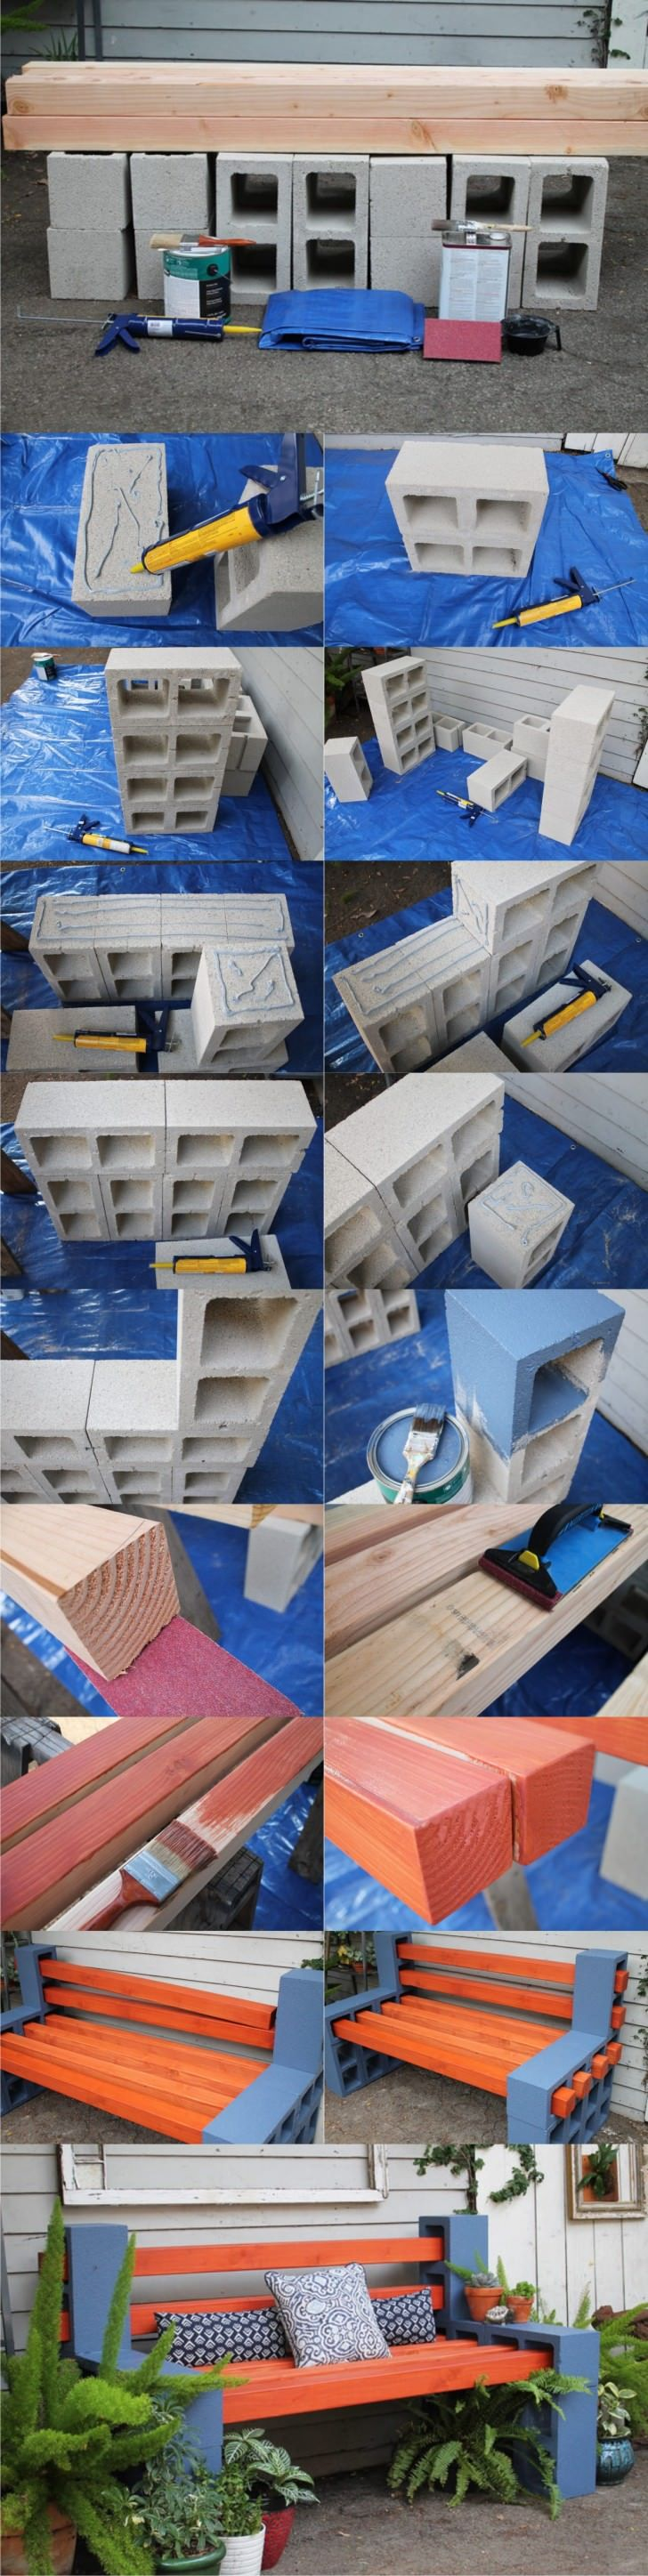 Diy Outdoor Bench From Concrete Blocks Wooden Slats Bancos  # Muebles Rial Asados
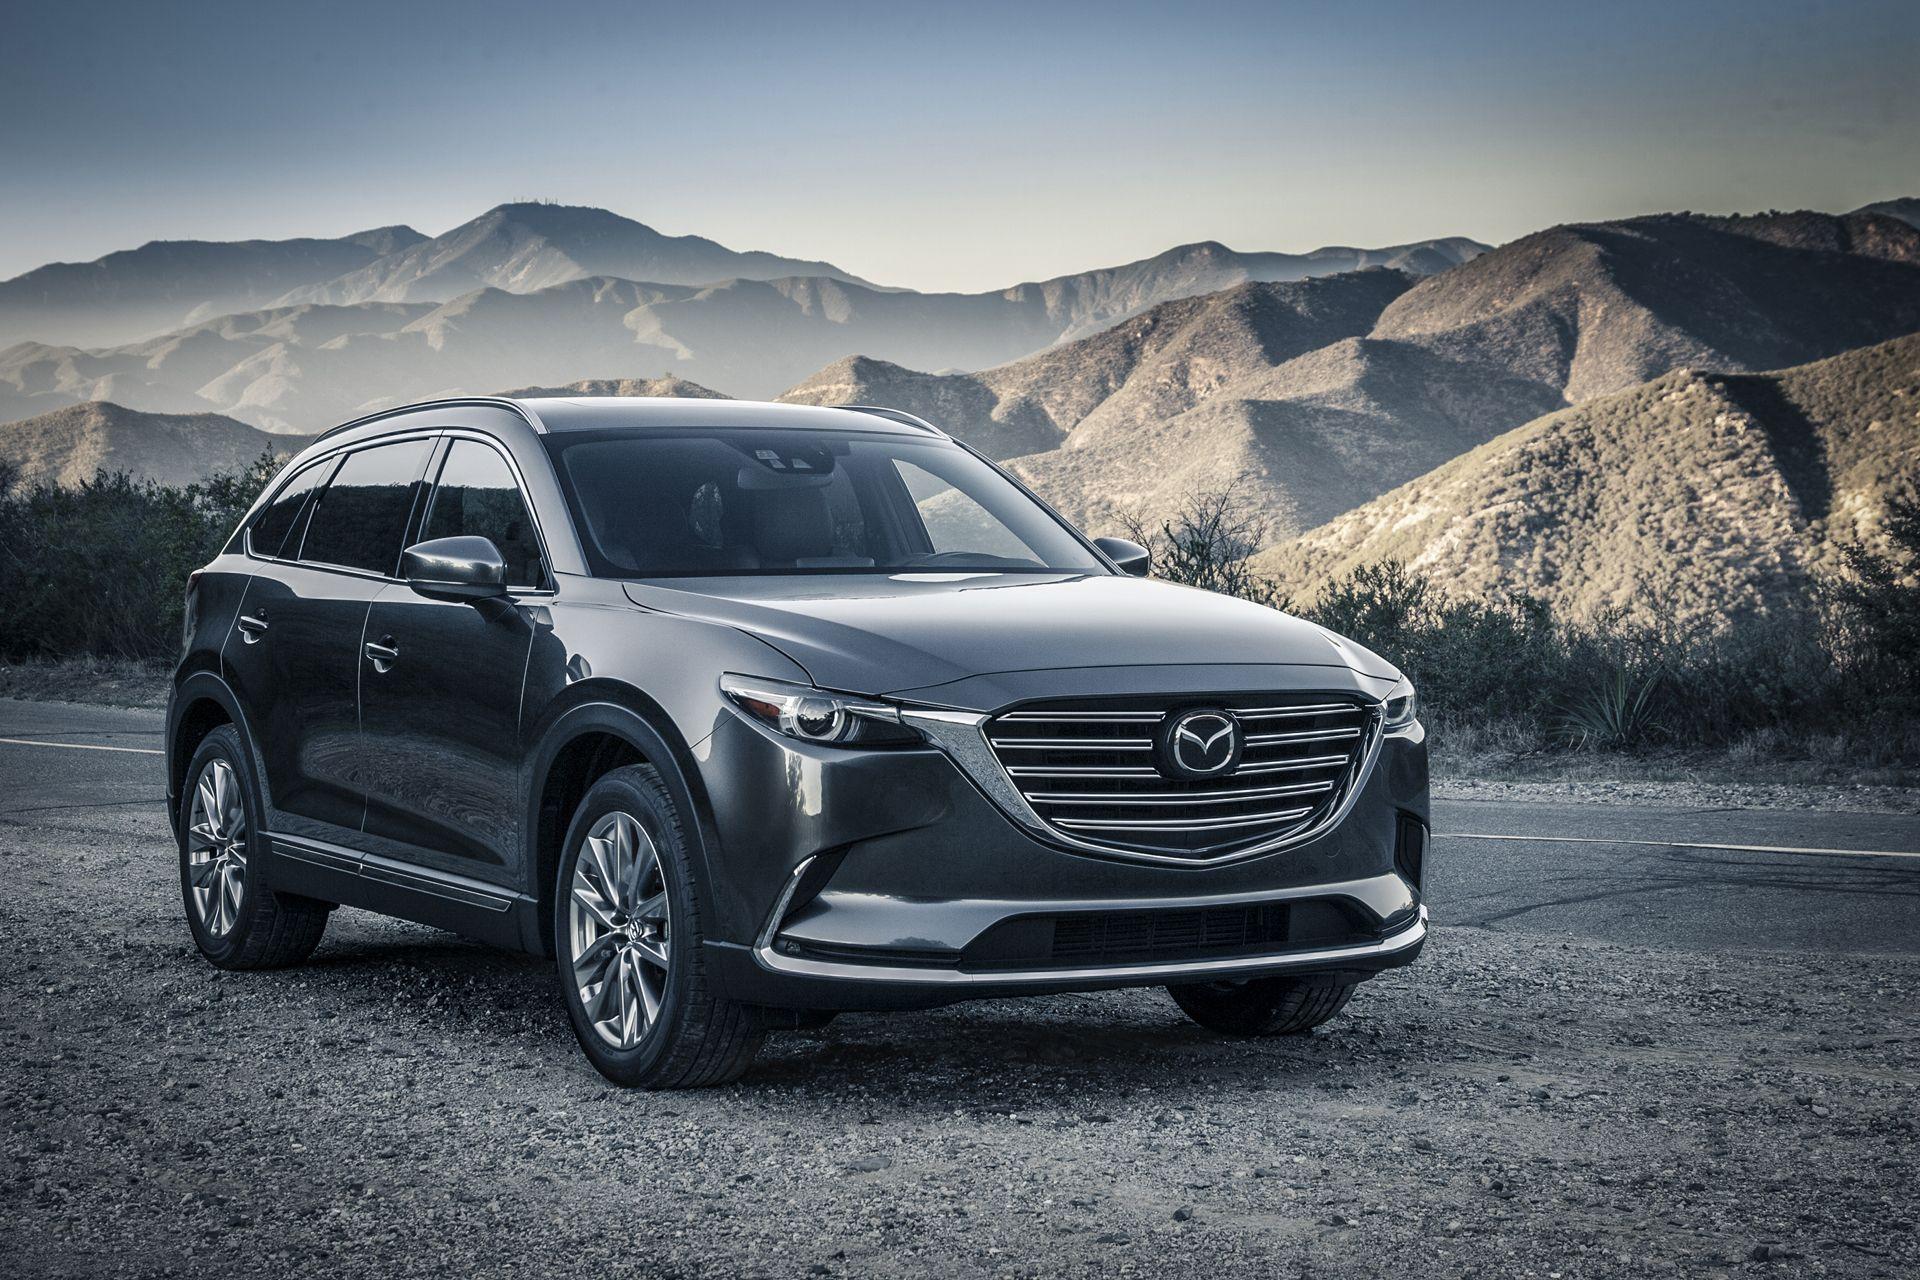 2017 Mazda CX 9 Photo Gallery   Autoblog
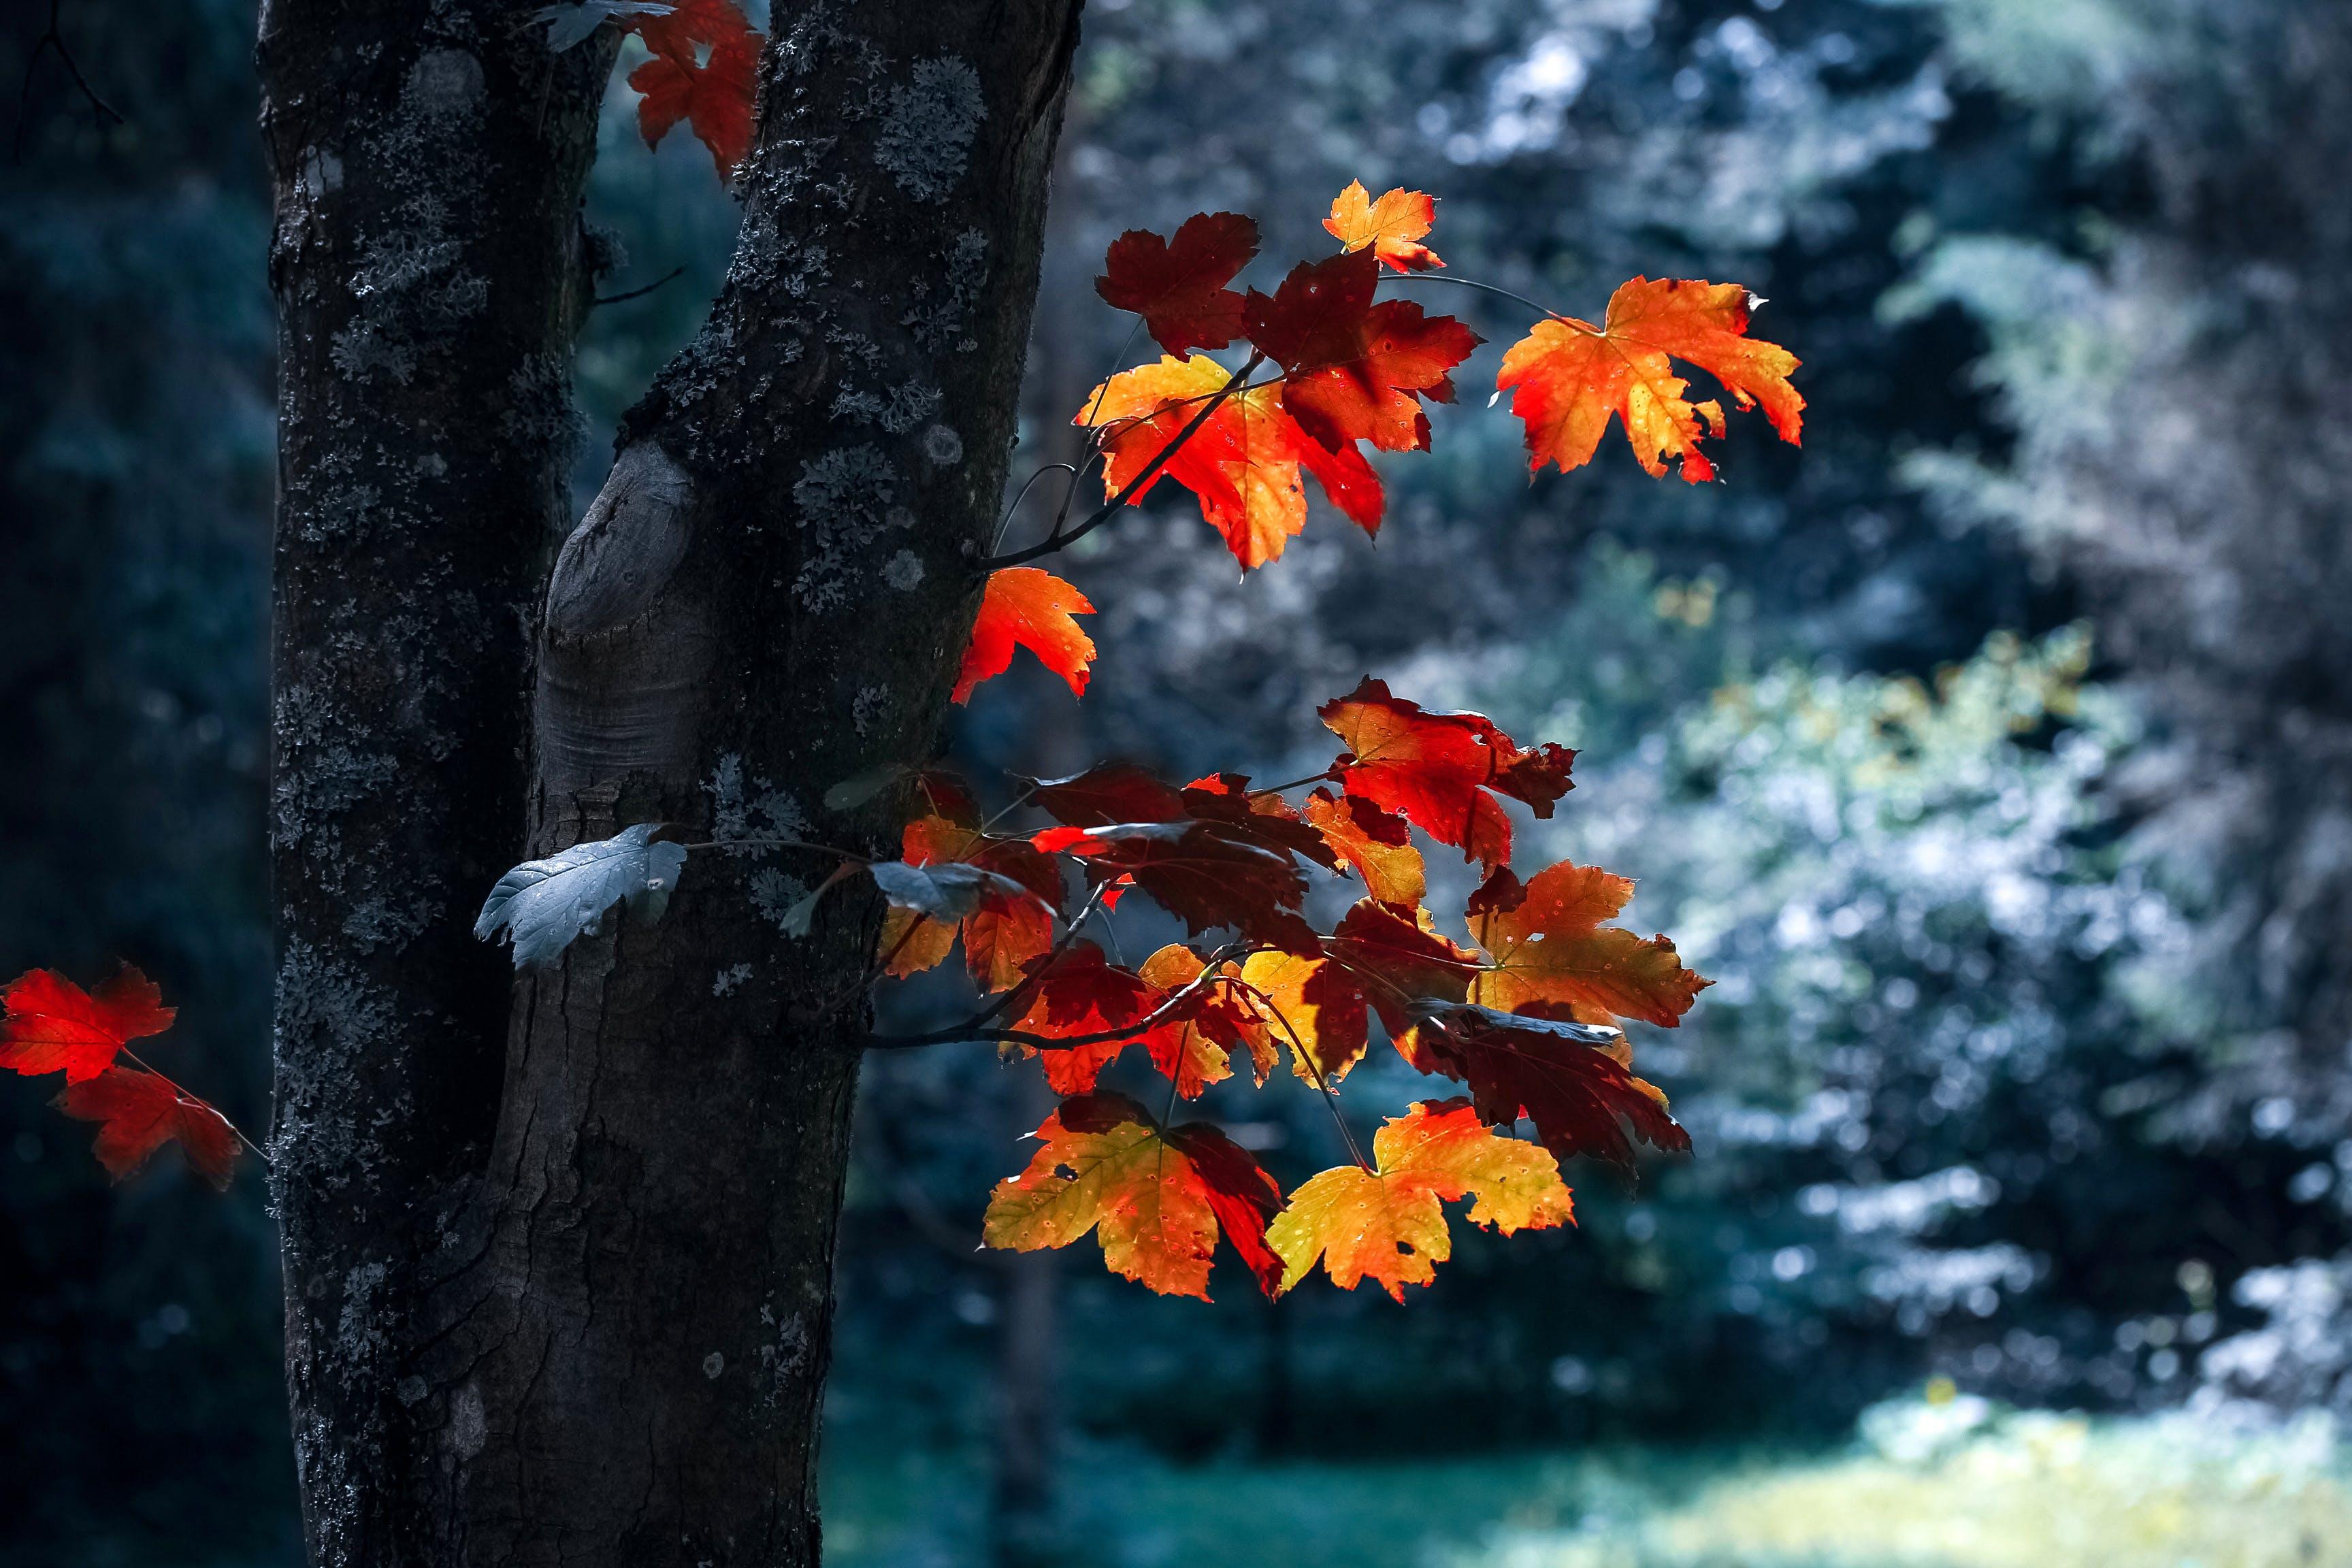 autumn, autumn leaves, blur

- [What to produce]: Your answer should consist solely of the lines from the one holding "2017 Mazda CX" through the end of the listing, reproduced exactly and without pictures.

- [Answer to this problem]:
 2017 Mazda CX 9 Photo Gallery   Autoblog
 autumn, autumn leaves, blur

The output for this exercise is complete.